2.3.3.3.4. Atom-probe tomography

Introduction

Set of data schemas to describe the acquisition, i.e. measurement side, the extraction of hits from detector raw data, steps to compute mass-to-charge state ratios from uncorrected time of flight data, the reconstruction, and the ranging, i.e. identification of peaks in the mass-to-charge-state ratio histogram to detect (molecular) ions. The data schemas can be useful to generate data artifacts also for field-ion microscopy experiments.

Application Definition

NXapm:

A general application definition with many detailed places for leaving metadata and computational steps described which are commonly used when reporting the measurement of atom probe data including also detector hit data, as well as how to proceed with reconstructing atom positions from these data, and how to store details about definitions made, which describe how mass-to-charge-state ratio values are mapped to iontypes in a process called ranging.
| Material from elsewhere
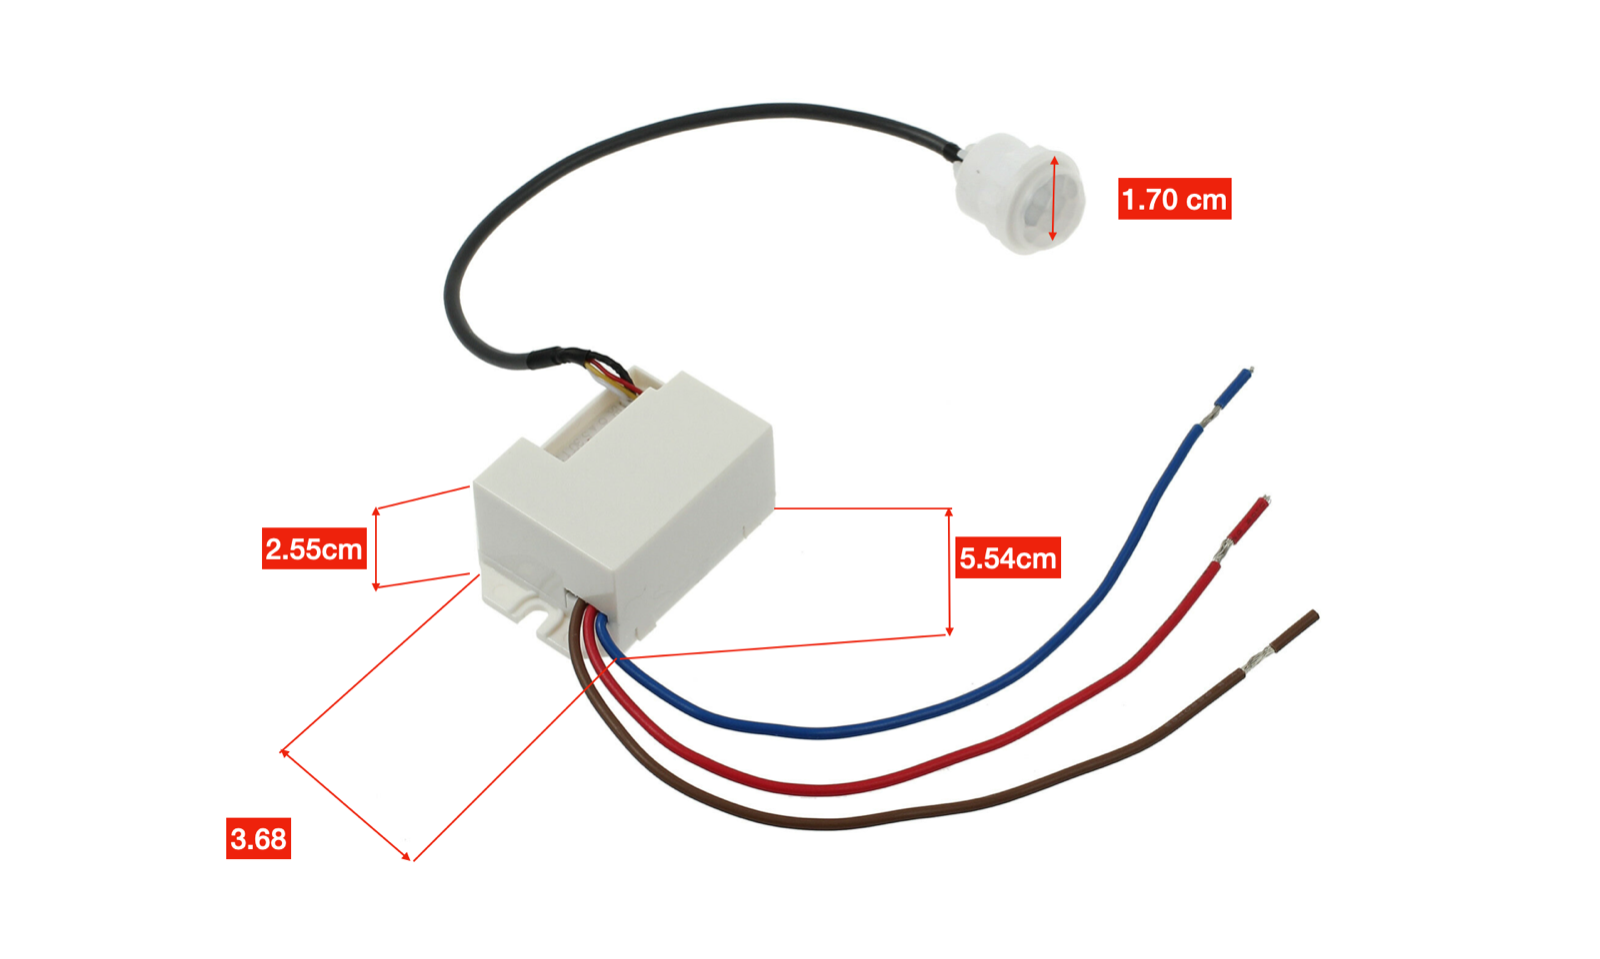 PIR Ceiling Motion Sensor   Light Switch  Mini Recessed 360" ukew
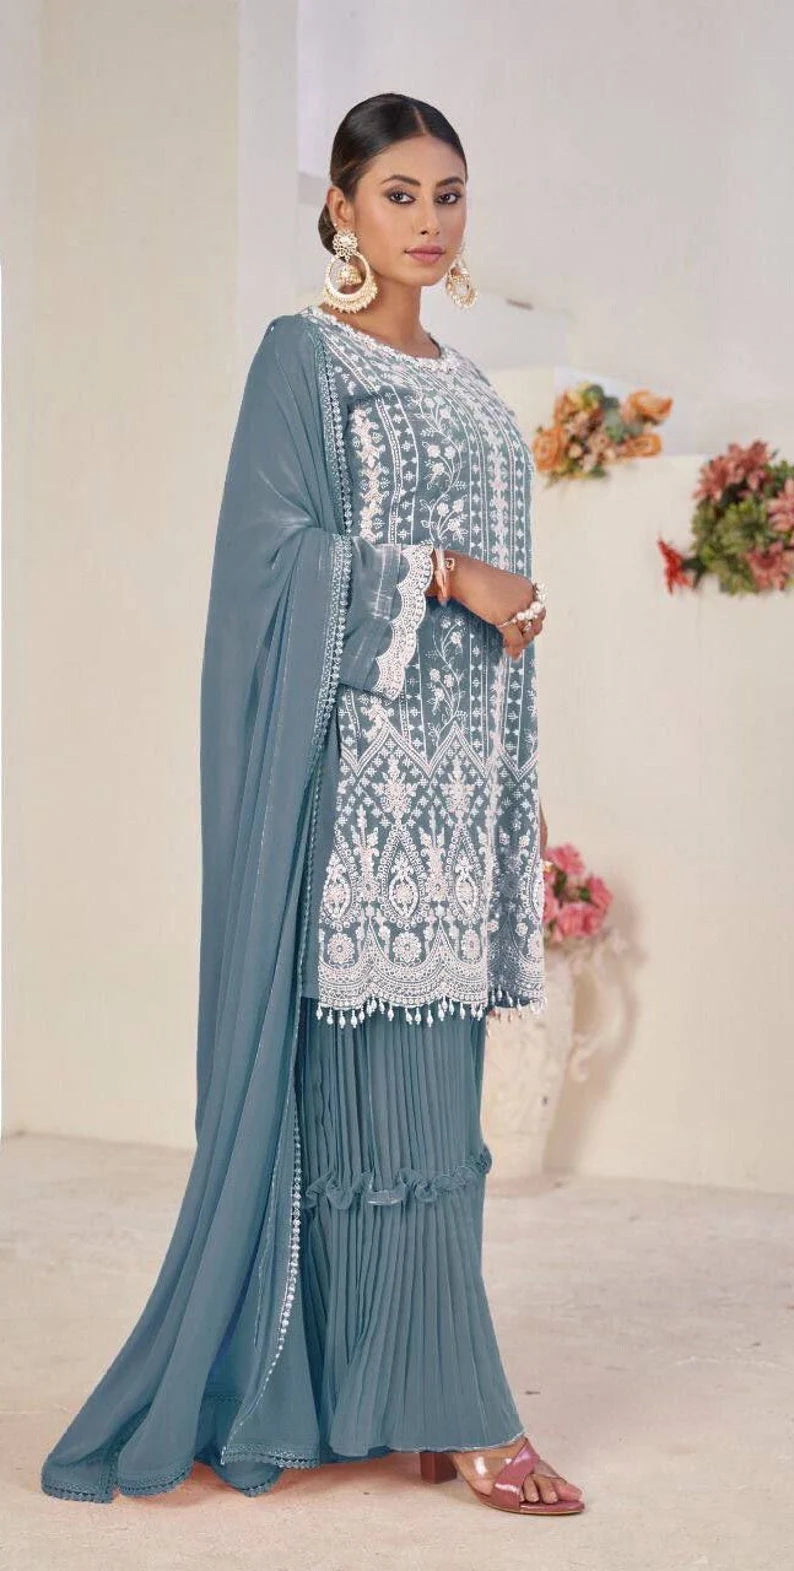 Blue Wine Palazza Suit Indian Designer Salwar Suit Ready to Wear Salwar Kameez Lehenga Suit Wedding Sharara Readymade Partywear Kameez Suit

The structure of the schema has been designed to also document a simulation of an atom probe experiment. Having a combined schema for the measurement and the simulation is beneficial to document that there are many similarities between the measurement and a computer simulation of it.

Base Classes

The following base classes are proposed to support modularizing the storage of pieces of information:

NXchamber:

A base class to describe a component of the instrument which houses other components. A chamber may offer a controlled atmosphere to execute an experiment and/or offer functionalities for storing and loading specimens.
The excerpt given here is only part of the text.